Celgene Corporation received EU approval for Reblozyl (luspatercept) for transfusion-dependent anemia in adults with myelodysplastic syndromes or beta thalassemia. The orphan-designated product is a recombinant fusion protein consisting of a modified form of the extracellular domain of human activin receptor IIB linked to the human IgG1 Fc domain.

Givlaari (givosiran) is Alnylam Pharmaceuticals Inc.’s orphan treatment for acute hepatic porphyria in adults and adolescents aged 12 years and older.

Recordati SpA’s Isturisa (osilodrostat) was approved for endogenous Cushing’s syndrome in adults, an orphan indication.

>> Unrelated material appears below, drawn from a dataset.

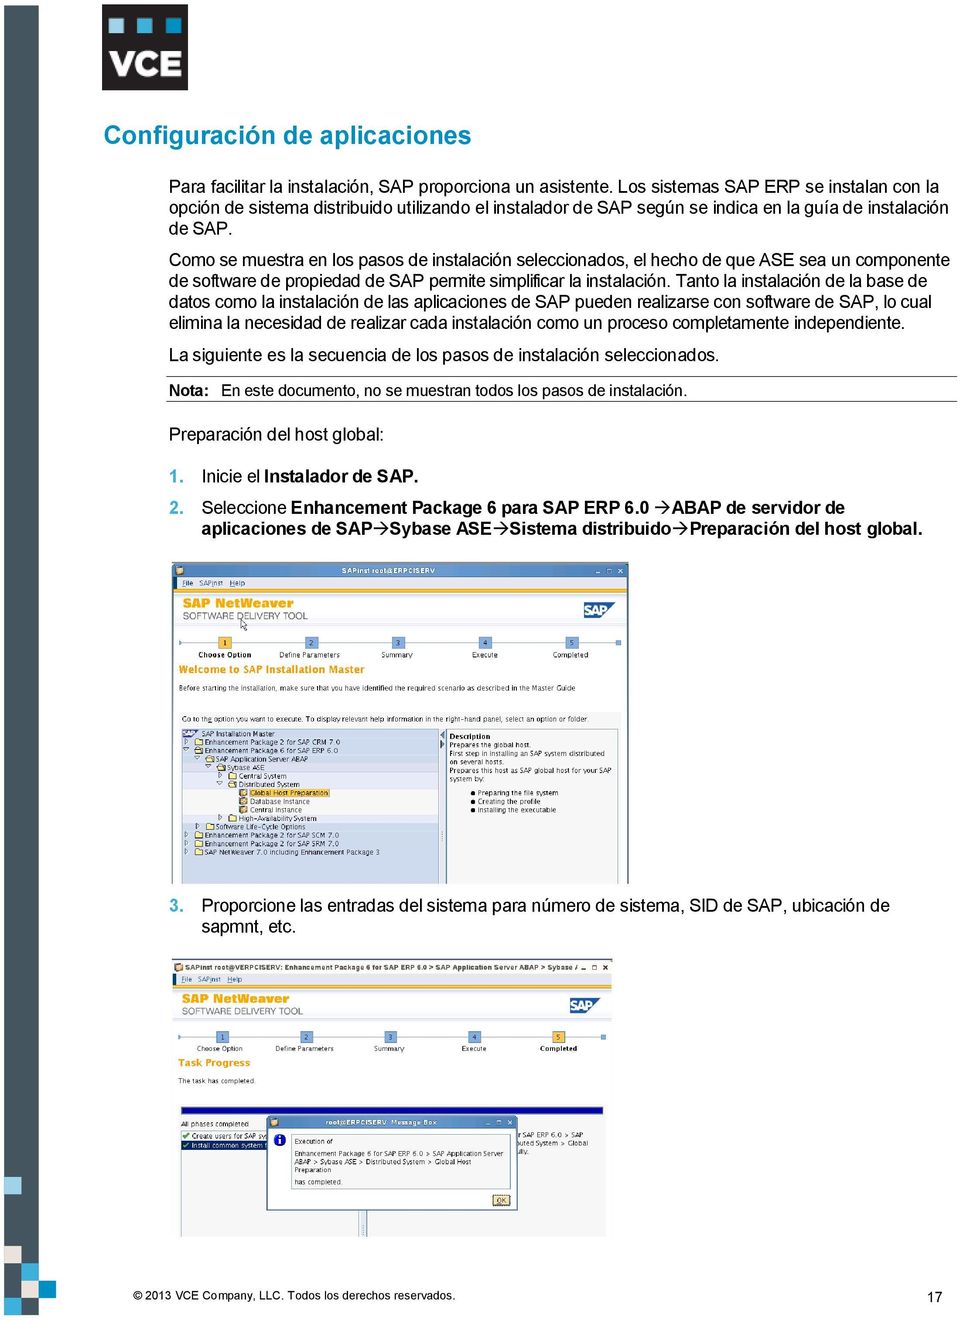 omo se muestra en los pasos de instalación seleccionados, el hecho de que ASE sea un componente de software de propiedad de SAP permite simplificar la instalación.

The following products were also approved last year:

• Two new drugs for multiple sclerosis:  Celgene’s Zeposia (ozanimod), for adults with relapsing remitting multiple sclerosis, and Novartis’s Mayzent (siponimod) for adults with secondary progressive multiple sclerosis.

• Jyseleca (filgotinib), from Gilead/Galapagos, for moderate to severe active rheumatoid arthritis in adult patients who have responded inadequately to, or who are intolerant to one or more disease modifying anti rheumatic drugs. Jyseleca may be used as monotherapy or in combination with methotrexate.

• Pfizer’s Staquis (crisaborole) for mild to moderate atopic dermatitis in adult and pediatric patients from two years of age with ≤ 40% body surface area affected by the condition.

• Beovu (brolucizumab), from Novartis, for the treatment of wet age-related macular degeneration in adults.

• Jazz Pharmaceuticals plc’s Sunosi (solriamfetol) to improve wakefulness and reduce excessive daytime sleepiness (EDS) in adults with narcolepsy (with or without cataplexy), and in those with obstructive sleep apnea whose EDS has not been satisfactorily treated with primary obstructive sleep apnea therapy such as continuous positive airway pressure.

• Tavlesse (fostamatinib), Rigel Pharmaceuticals, Inc.’s therapy for chronic immune thrombocytopenia in adults refractory to other treatments.

• Oxlumo (lumasiran), an orphan medicine from Alnylam to treat primary hyperoxaluria type 1 in all age groups.

• Idefirix (imlifidase), Hansa Biopharma AB’s orphan drug for the desensitization treatment of highly sensitized adult kidney transplant patients. This was the first approved drug for Hansa Biopharma, which said it would “bring hope to the thousands of highly sensitized patients across Europe waiting for a life-saving kidney transplant.”

* This article was amended on 21 January to reflect the fact that AveXis became Novartis Gene Therapies in September 2020.